When analyzing the 2003 Major League Baseball playoffs, one cannot help but wonder if the baseball gods are smiling down upon us, granting wishes that many fans have desired for nearly a century. Some of baseball's greatest memories are instantly recalled with just the listing of the stadiums of the four remaining teams: Fenway Park, Wrigley Field, Yankee Stadium and....Pro Player Stadium.

Okay, even with all the historical coincidences this October, let's not get carried away into mindless hyperbole that will lead to inevitable disappointment when both the Red Sox's and Cubs' World Series droughts continue in about two weeks.

Perhaps the most unlikely team to still be playing is the Florida Marlins. After buying the 1997 World Series, the Marlins did not have another winning season until this year. Last season was a near disaster for the organization, with the team finishing 23 games out of firstplace and--more importantly--selling selling 400,000 tickets less than during the 2001 season. To improve its outlook, the Florida organization decided to show the team's commitment to future successes by hiring the 72-year-old Jack McKeon as manager.
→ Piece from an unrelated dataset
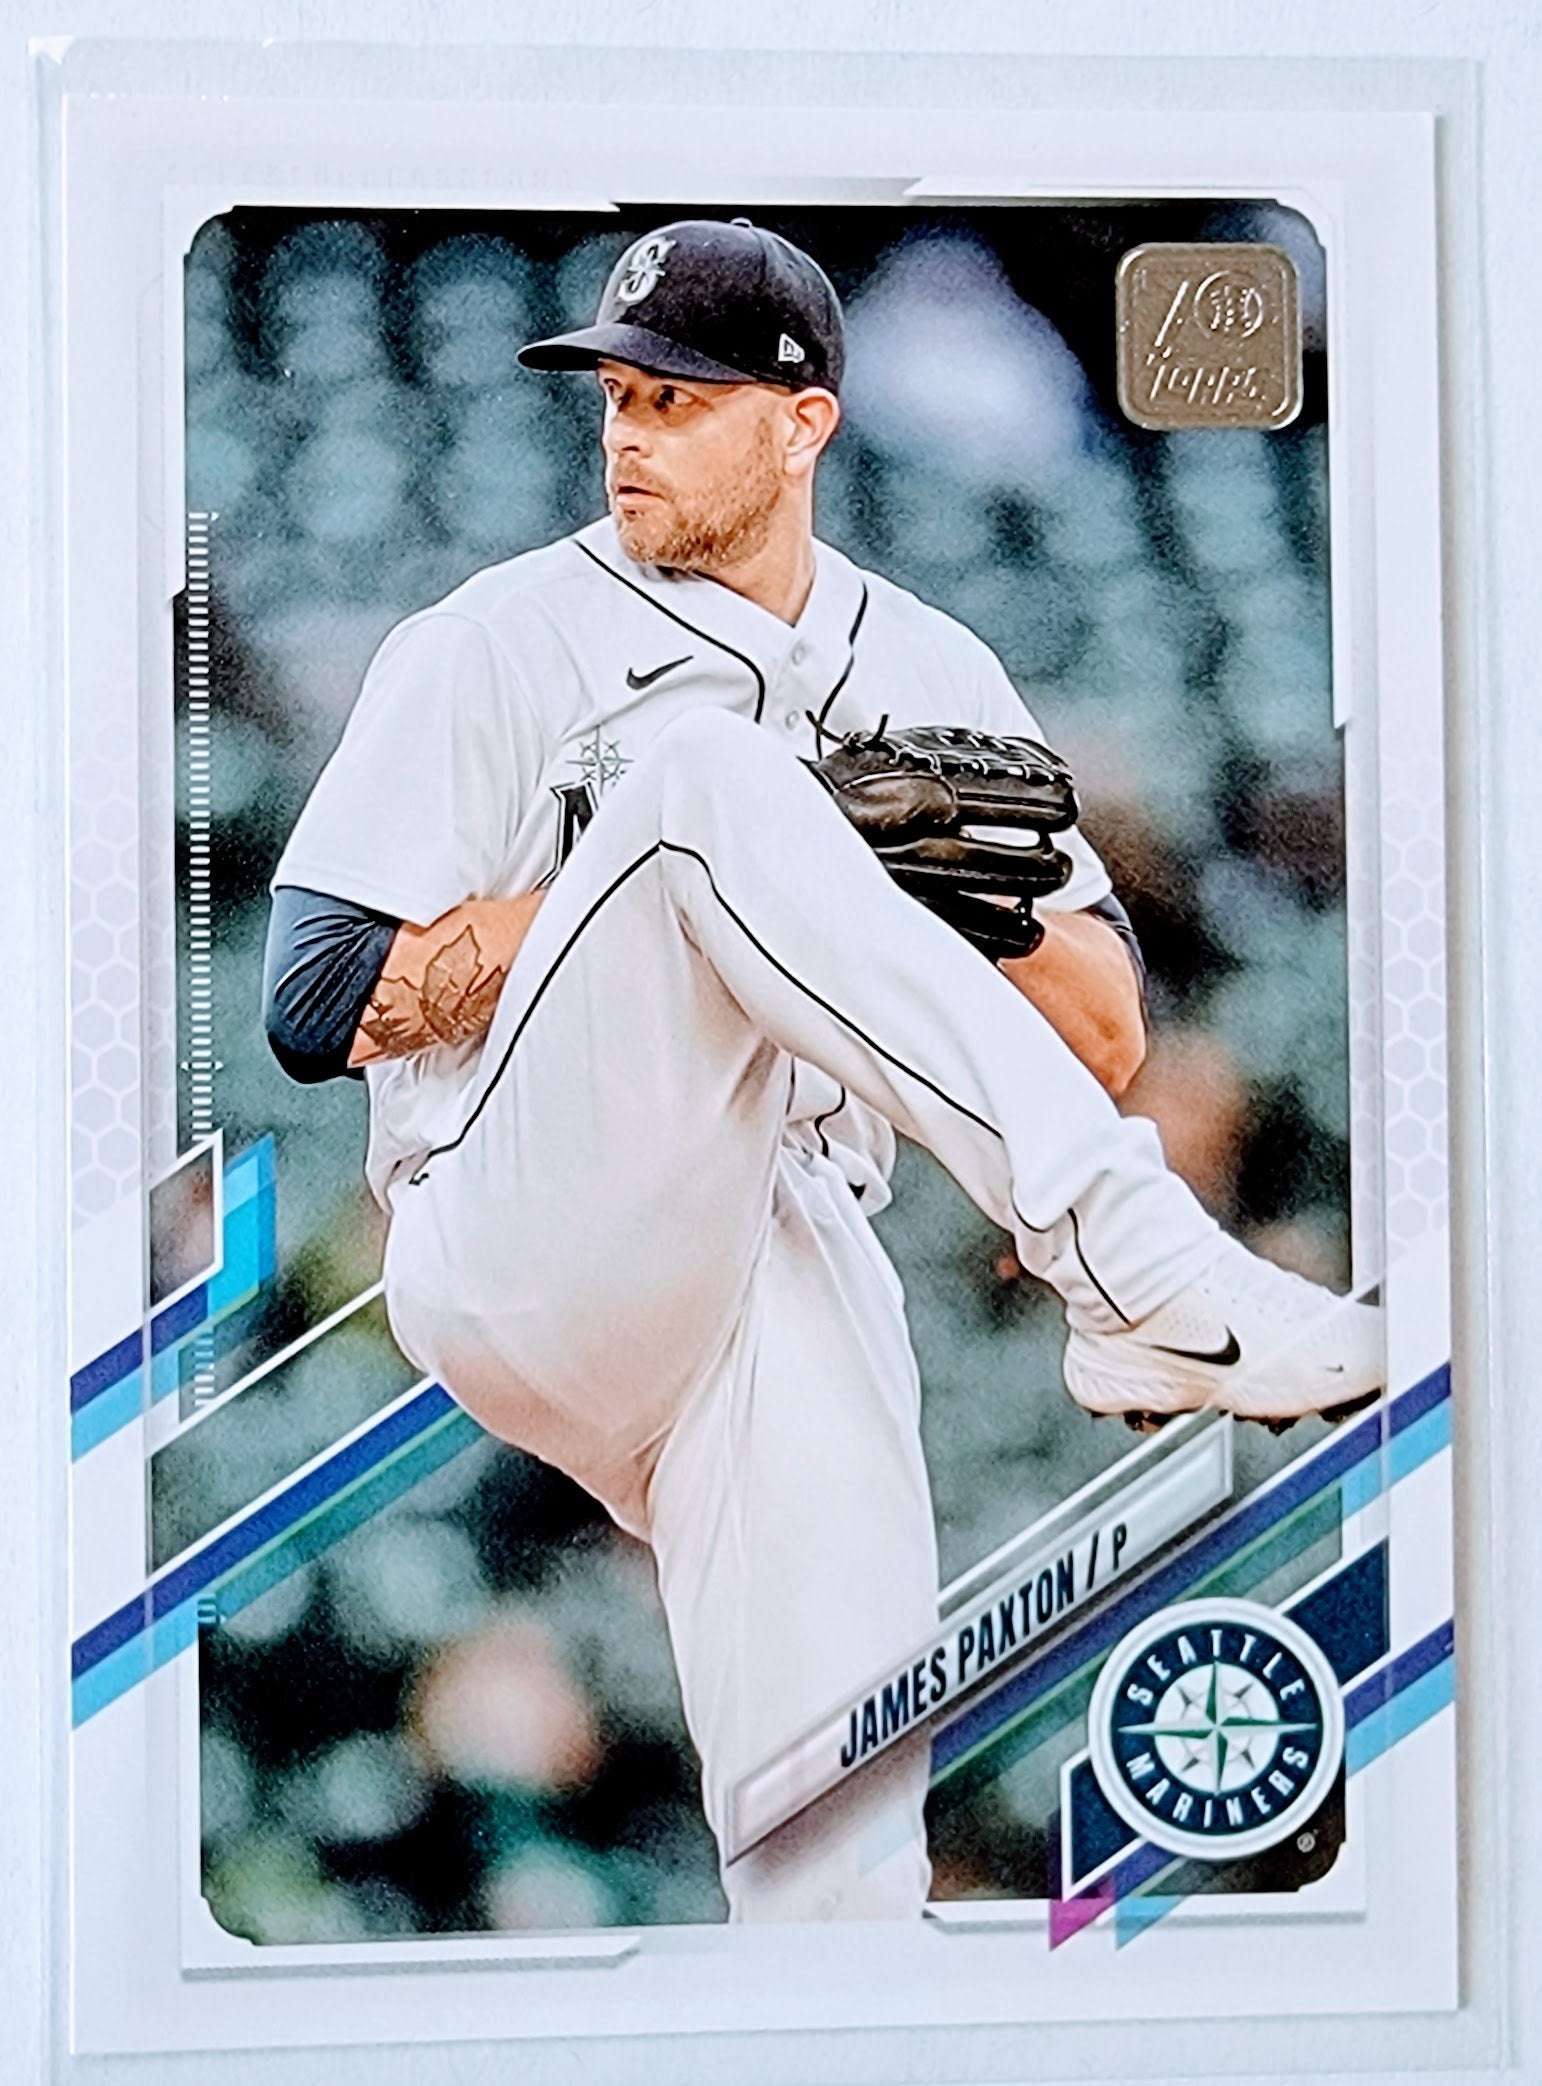 2021 Topps Update James Paxton Baseball Trading Card SMCB1 simple Xclusive Collectibles

Needless to say, not many bought into this strategy.

But as the off-season acquisitions of outfielder Juan Pierre, catcher Ivan Rodriguez and pitcher Mark Redman were able to mesh with the productive returning pitchers Josh Beckett and Brad Penny along with the unpredictably successful rookie and media-magnet pitcher Dontrelle Willis, the Marlins won 91 games and a wild card birth. Matched up with the National League defending champion San Francisco Giants, the Marlins made clutch play after clutch play en route to a 3-1 upset series win.

The Cubs defied many historical patterns for the right to take on the Marlins in the National League Champion Series, winning their first playoff series since 1908 when they downed the perennial pennant-winner Atlanta Braves. Behind a balanced offensive attack led by the magic stick of Sammy Sosa and the youthful pitching of Mark Prior and Kerry Wood, the Cubs won 21 more games this regular season than in 2002. It is hard to fathom, but either the Marlins or the Cubs will be competing in the 2003 World Series.

In the more historically reasonable matchup in the American League, the Boston Red Sox will be taking on the New York Yankees. The Yankees breezed through their first-round series against the Minnesota Twins as only the Yankees can. The Red Sox, on the other hand, needed to win three straight incredibly competitive games to move past the Oakland Athletics, who have now lost nine consecutive potential series-clinching games.

Even with all the clutch play, the Sox, who have not won a World Series since 1918, still could not win without literally running into each other. For all its excitement, the Red Sox-Athletics first round series was more about which team with a history of choking would screw up more in the clutch.

Expect the Yankees, whose pitchers Mike Mussina, David Wells, Roger Clemens and Andy Pettitte all seem to be hitting their respective strides at the same time, to win the next two series en route to another World Series title. While the first rounds defied many historical patterns, expect the most historic team to defeat whoever takes the diamond with them. While the Red Sox certainly gave the Yanks trouble during the regular season--and are sure to give New York fans more headaches this week--the 152-million dollar payrole is doing what it is supposed to do right now, and the men in pinstripes have too much talent to lose to the teams remaining.

Many were surprised that the Red Sox, Marlins and the Cubs won their respective first-round series. But in the modern playoff format, is there such thing as first-round upset?

Only eight teams qualify for the first round, making every squad a credible threat. A combination of a low comparative winning percentage of dominant teams (the Yankees had a 62.3 winning percentage this season compared to the NBA's San Antonio's Spurs' 73.1) and a short best-of-five series, any playoff team can advance to the second round.

Mathematically, normalcy is likely to return in the best-of-seven League Championship Series and World Series. And where there is normalcy, there are Yankees wins.